The Language of Retrenchment: A Discourse Analysis of Budget Cutting in Higher Education

Laura J Parson, Jacob P Gross, Alexander Williams
Journal for the Study of Postsecondary and Tertiary Education  •  Volume 4  •  2019  •  pp. 033-048

Using discourse analysis, this study analyzed language used at universities undergoing budget cuts.

In times of economic hardship and declining public support, institutions can generate more revenue or reduce expenditures, referred to as retrenchment, to meet their resource needs. Yet, scholarship on organizational approaches to retrenchment is scarce.

Using critical discourse analysis, this study analyzed public communication from university leadership to employees about budget cuts. To understand how institutionalized structures were negotiated, reinforced, and constructed through language we looked for linguistic patterns in the use of pronouns, affective and epistemic stance, and nominalization in institutional emails.
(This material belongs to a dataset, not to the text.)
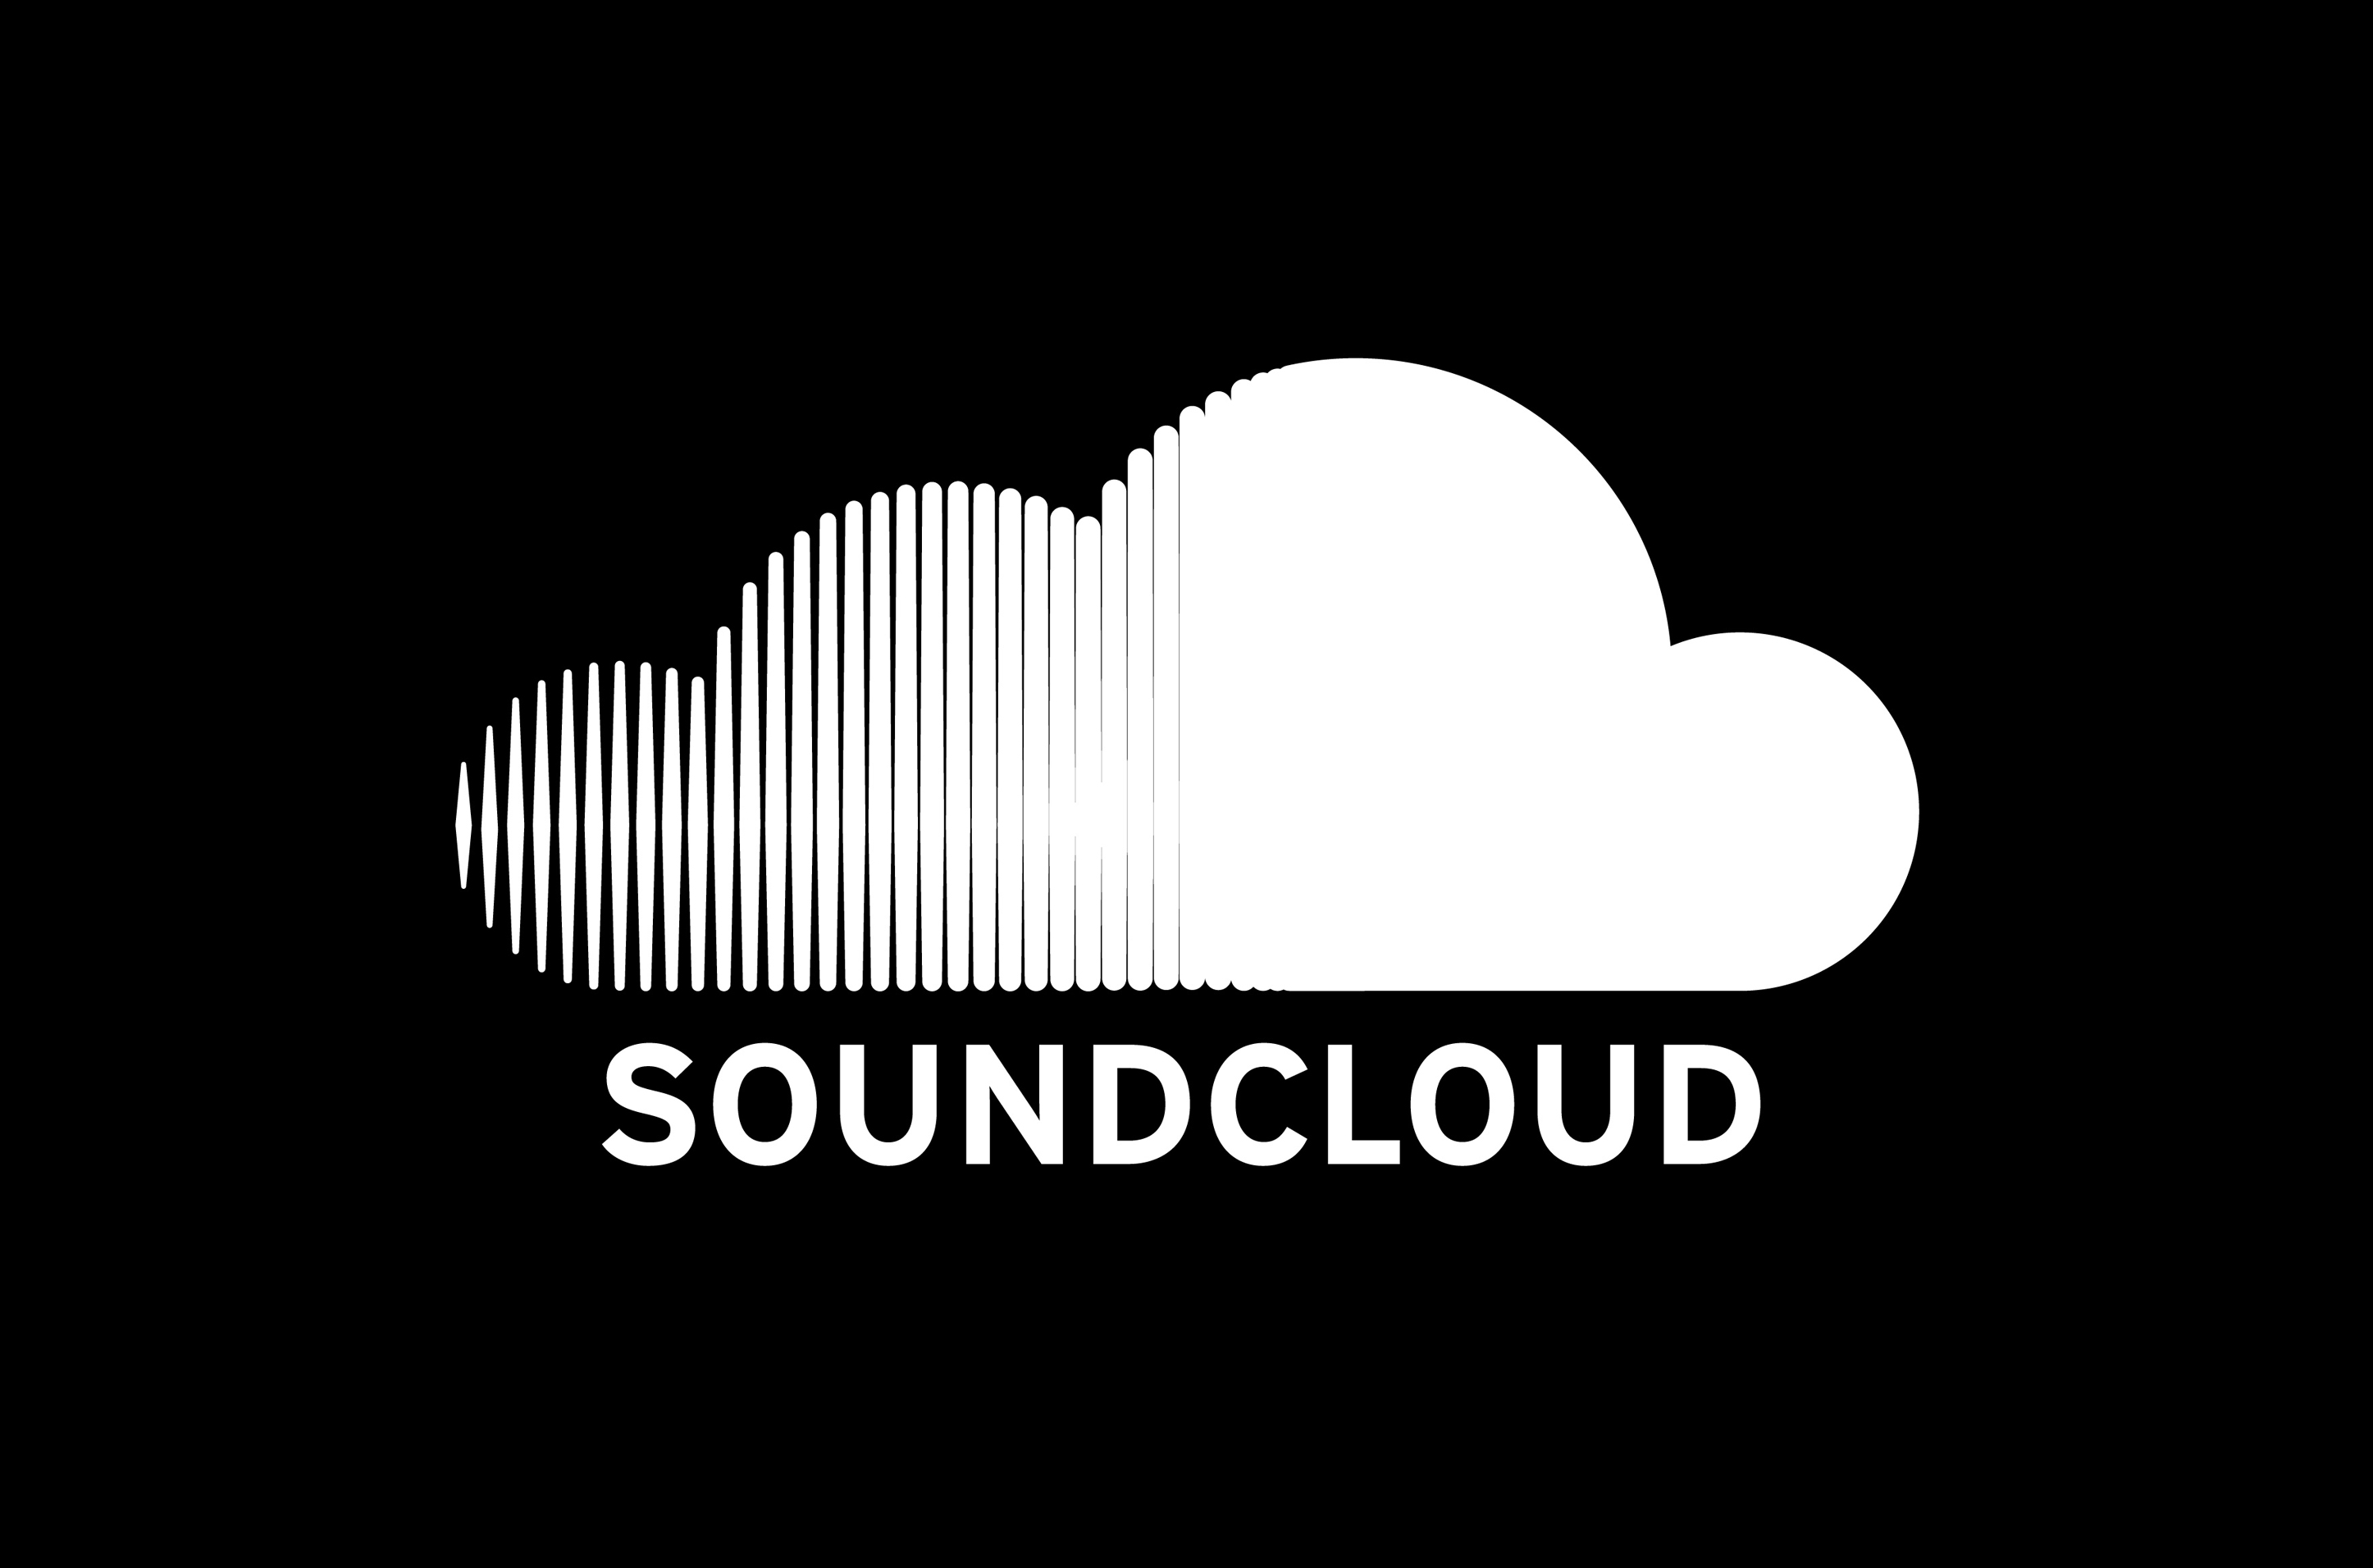 soundcloud downloader copyright infringement
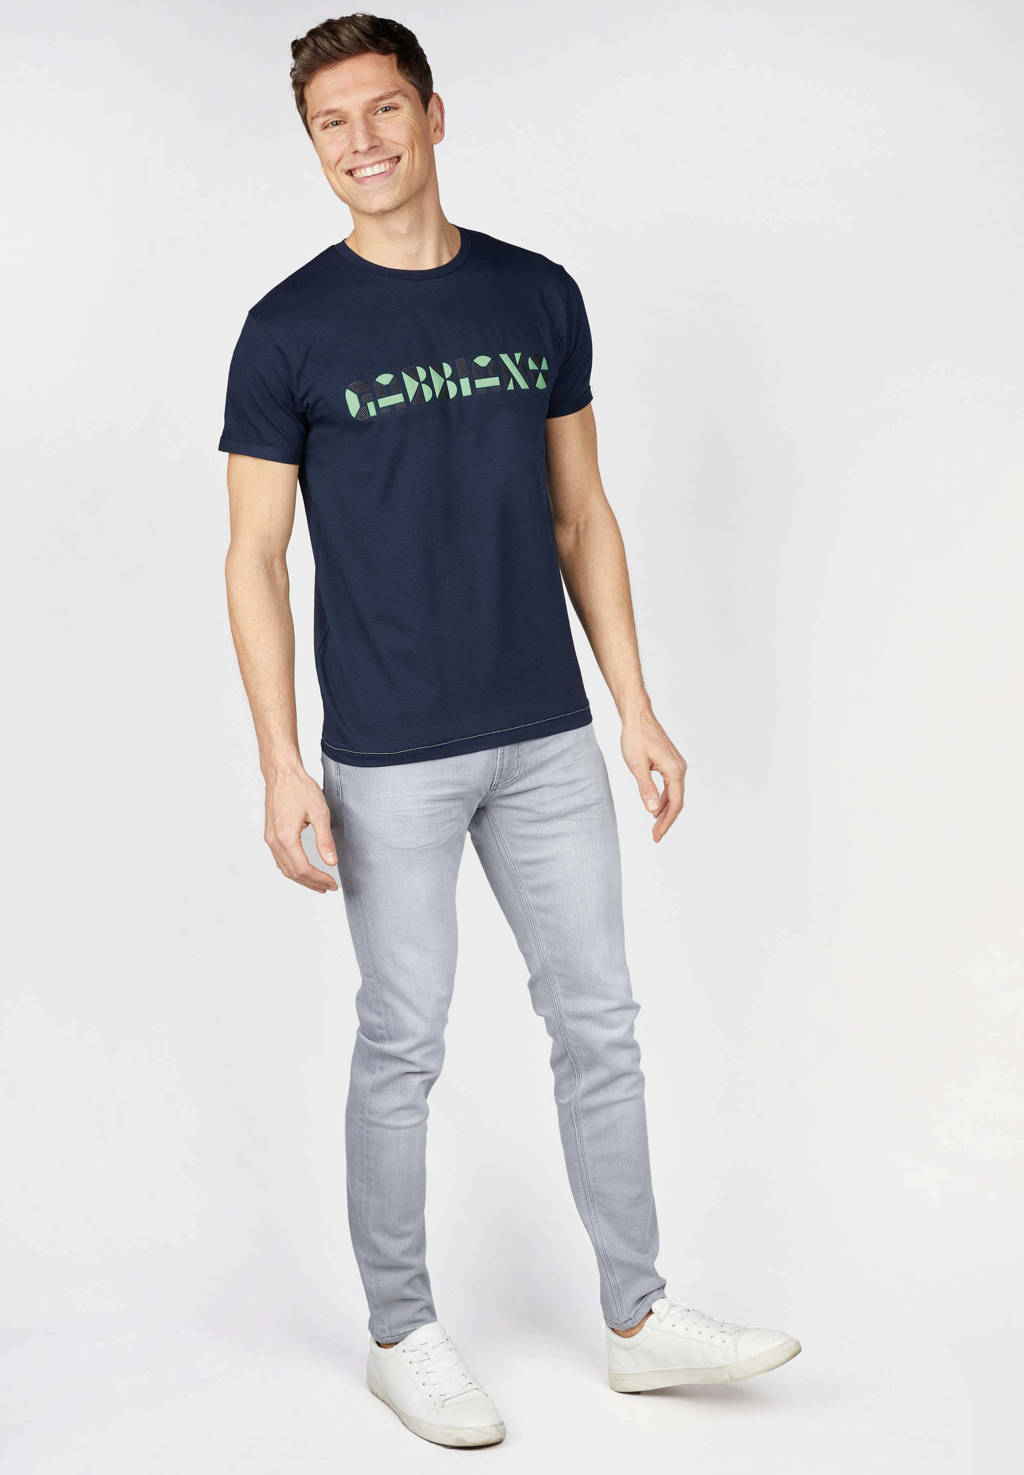 GABBIANO T-shirt met printopdruk donkerblauw/groen

As educational scholarship on institutional budget cutting behaviors remains almost nonexistent, this study extended understanding of budget cutting behaviors by exploring how university presidents frame budget cuts as a serious problem and persuade stakeholders that their solutions will resolve the budget crisis while minimizing personal harm.

Analysis of corpus data suggested that the language used in SRI and URU’s budget emails was tailored to generate support for university leadership’s authority and plans to resolve the crisis.

Through the lens of poststructuralist thought, findings suggest there is room for electronic communication about budget crises and resolution to be clearer about the organization of power and the location of financial decision-making.

The existing body of knowledge on the language used in retrenchment decision-making is small and triangulation with the literature confirmed findings on a larger scale, more research is needed.

If institutions are seeking transparency, they should use language that clearly communicates the nature of the problem, defines which individuals/groups are creating the plan to return to fiscal stability, and, when decisions are made, outlines the specific details of the plans that include who it will impact and how.

While much of the research has focused on the impact of retrenchment on institutional and student outcomes, these findings suggest that future research should also explore the impact of retrenchment decision-making on faculty and staff outcomes like morale, sense of belonging, and retention and recruitment.